Neuropediatrics 2022; 53(03): 200-203
DOI: 10.1055/s-0041-1736181
Short Communication

Genotype-Phenotype Dissociation in Two Taiwanese Children with Molybdenum Cofactor Deficiency Caused by MOCS2 Mutation

Hsiu-Fen Lee
1   College of Medicine, National Chung Hsing University, Taichung, Taiwan
2   Division of Pediatric Neurology, Children's Medical Center, Taichung Veterans General Hospital, Taichung, Taiwan
,
Chia-Chi Hsu
4   Division of Pediatric Genetics and Metabolism, Children's Medical Center, Taichung Veterans General Hospital, Taichung, Taiwan
,
Ching-Shiang Chi
3   Division of Pediatric Neurology, Department of Pediatrics, Tungs' Taichung MetroHarbor Hospital, Taichung, Taiwan
5   College of Life Sciences, National Chung Hsing University, Taichung, Taiwan
,
Chi-Ren Tsai
2   Division of Pediatric Neurology, Children's Medical Center, Taichung Veterans General Hospital, Taichung, Taiwan
› Author Affiliations
Funding The authors received no financial support for the research, authorship, and/or publication of this article.

Abstract

Background To describe the genotype-phenotype dissociation in two Taiwanese patients with molybdenum cofactor deficiency (MoCoD) caused by MOCS2 gene mutations.
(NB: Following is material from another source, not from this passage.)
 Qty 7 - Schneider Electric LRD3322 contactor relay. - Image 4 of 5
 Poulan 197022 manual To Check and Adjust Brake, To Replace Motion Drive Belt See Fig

Patient Description Patient 1 exhibited early-onset neurological symptoms soon after birth, followed by subsequent myoclonic seizures and movement disorder. The brain magnetic resonance imaging (MRI) showed diffuse brain injury with cystic encephalomalacia along with bilateral globus pallidi involvement, hypoplasia of corpus callosum, and cerebellar atrophy. Patient 2 had a mild phenotype with prominent movement disorder after intercurrent illness, and the brain MRI showed selective injury of the bilateral globus pallidi and the cerebellum. Both patients had markedly low levels of plasma uric acid and harbored the same MOCS2 homozygous c.16C > T mutation. Patient 1 showed chronic regression of developmental milestones and died of respiratory failure at the age of 8 years, whereas patient 2 demonstrated improvement in motor function.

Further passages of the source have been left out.